((
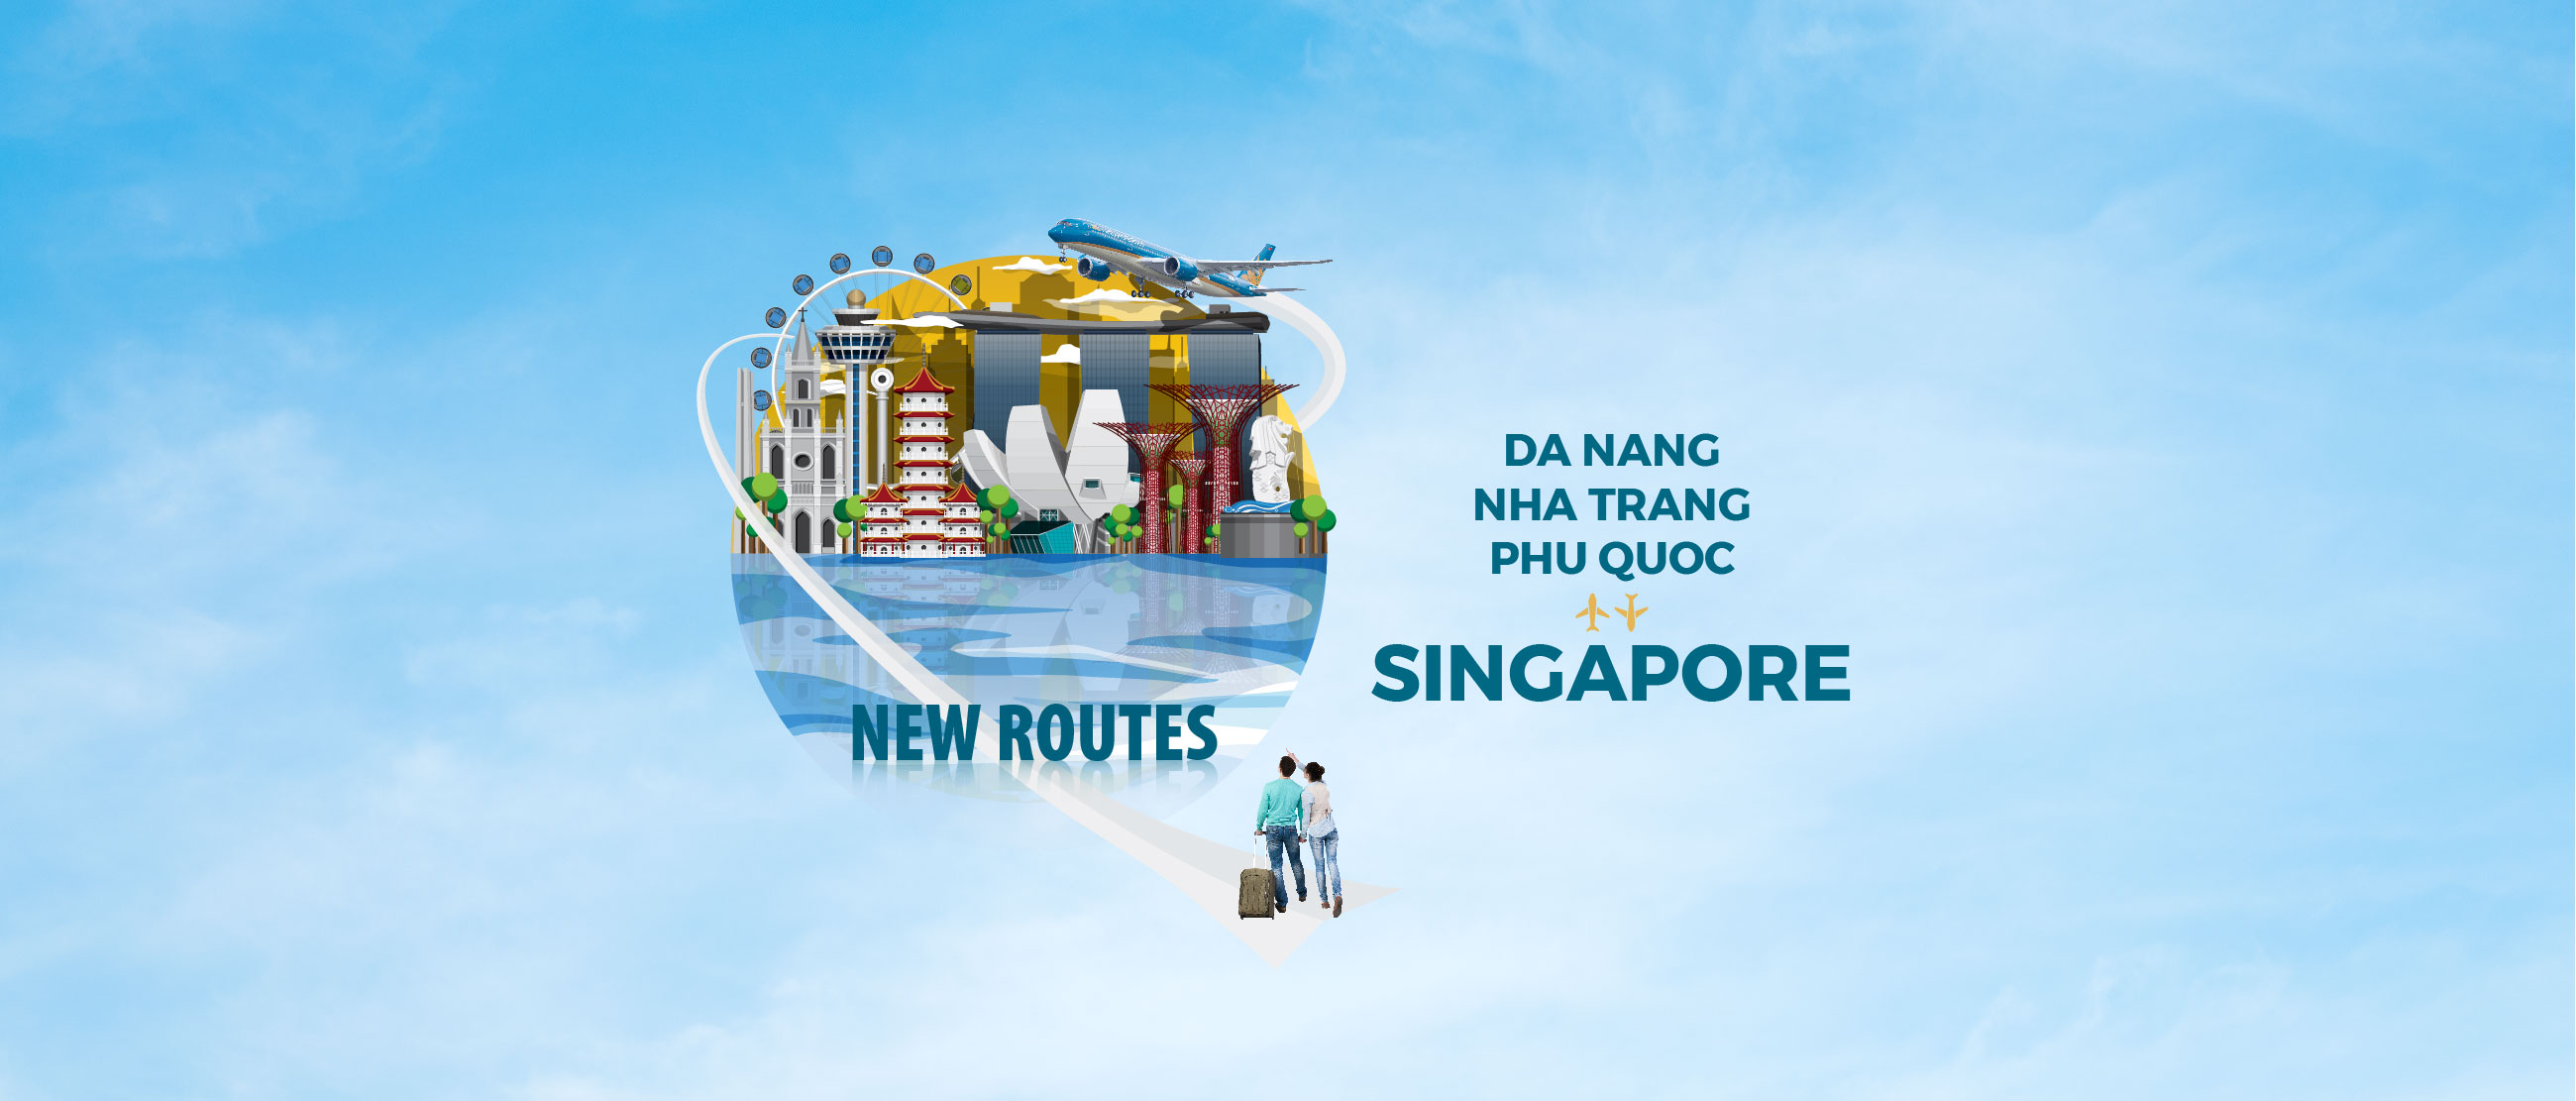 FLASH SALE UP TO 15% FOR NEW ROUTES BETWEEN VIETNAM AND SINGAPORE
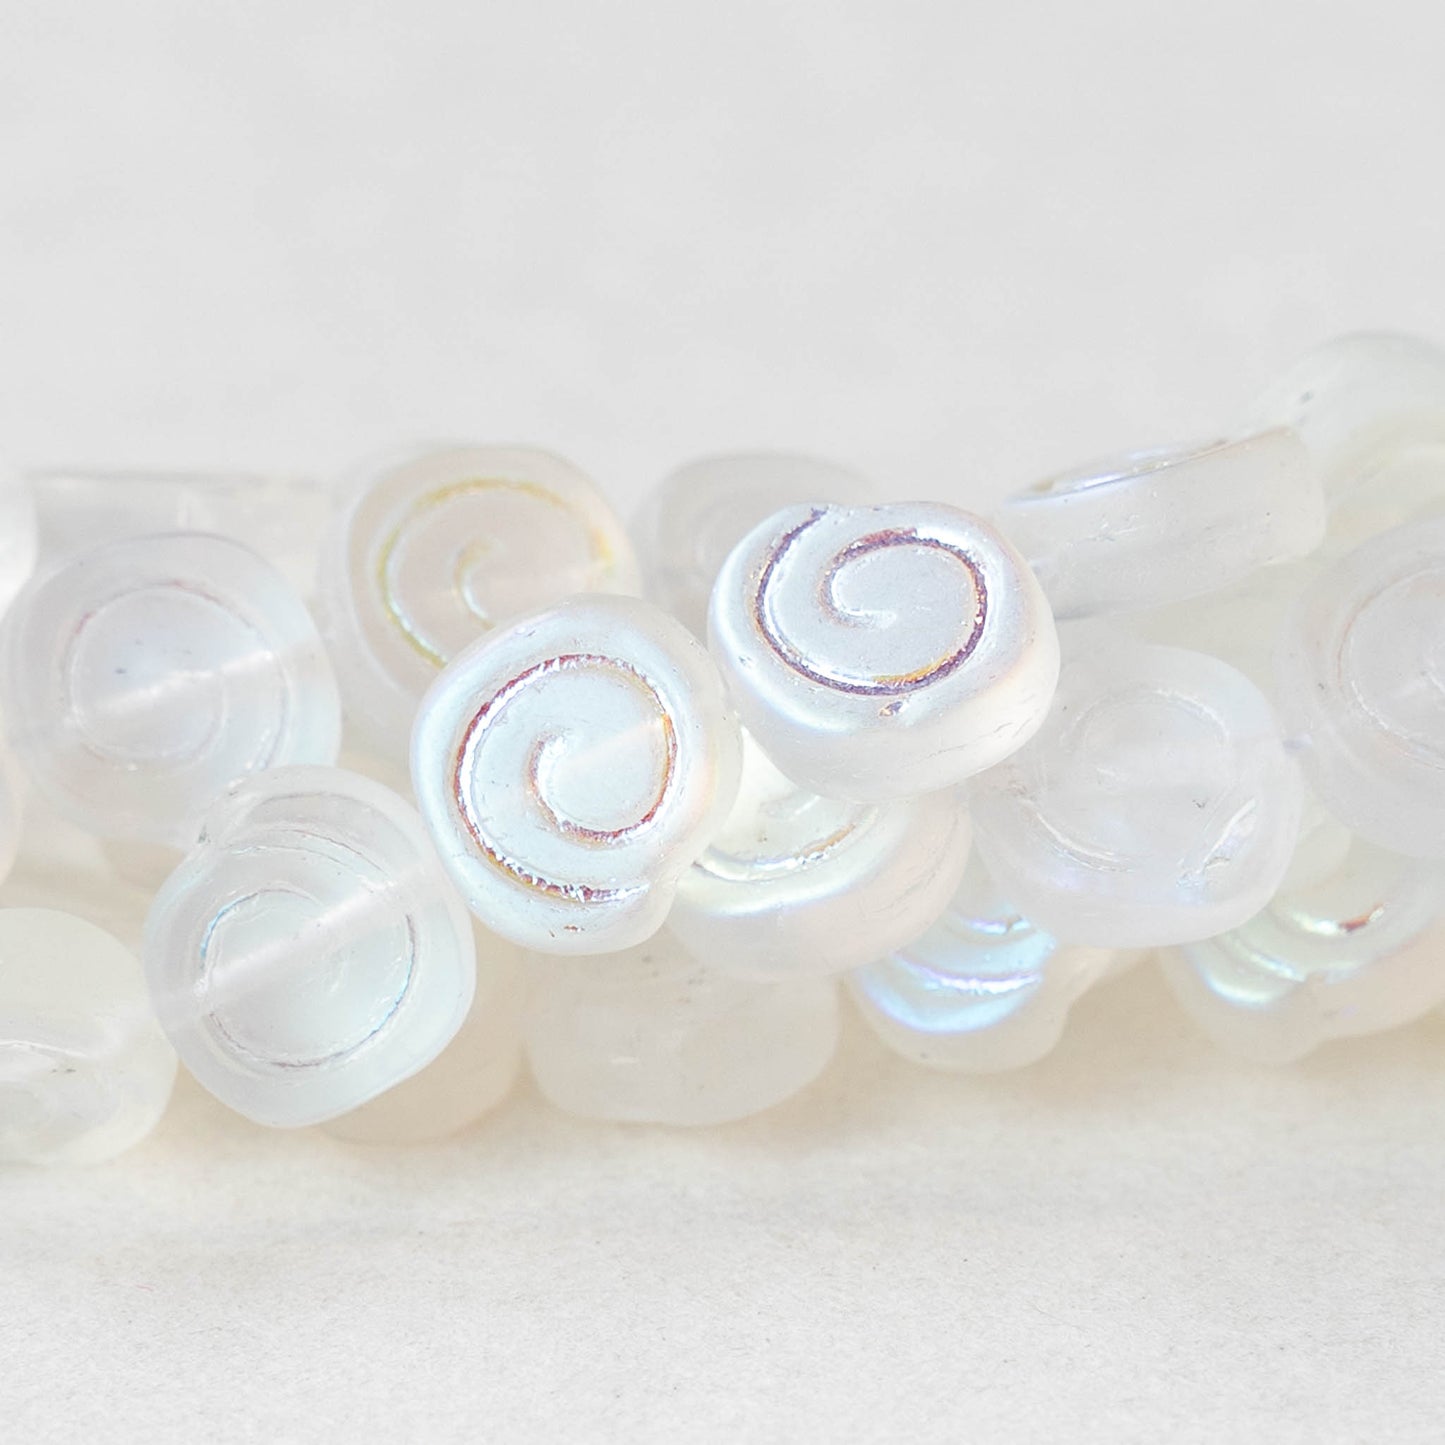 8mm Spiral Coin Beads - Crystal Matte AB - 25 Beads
))
((
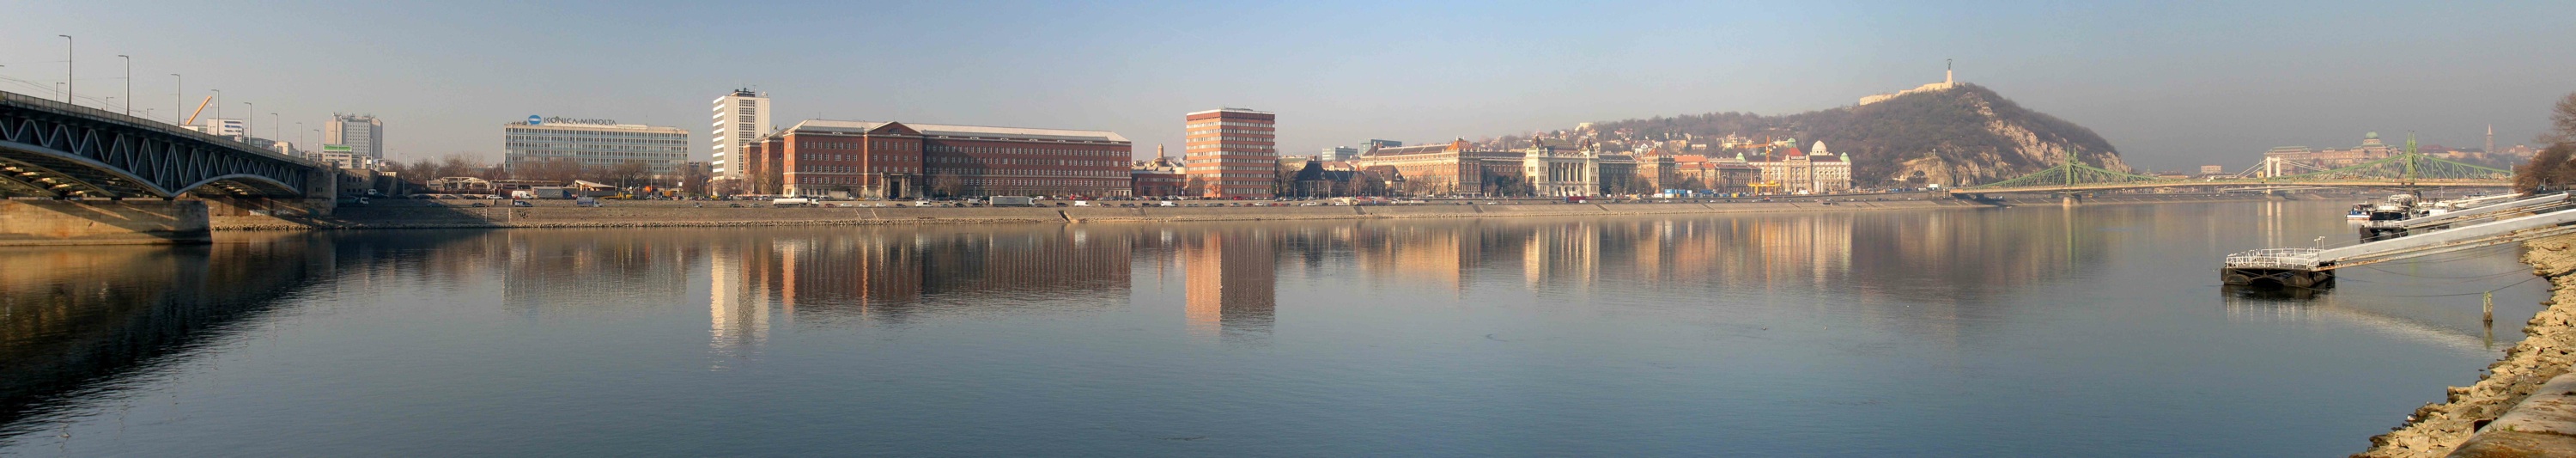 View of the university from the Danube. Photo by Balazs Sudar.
))
# [Problem description]
Out of the records above, return only the lines from the one with "FLASH SALE UP" through the one with "8mm Spiral Coin", exactly, and none of the pictures.

# [Solution]
 FLASH SALE UP TO 15% FOR NEW ROUTES BETWEEN VIETNAM AND SINGAPORE
 8mm Spiral Coin Beads - Crystal Matte AB - 25 Beads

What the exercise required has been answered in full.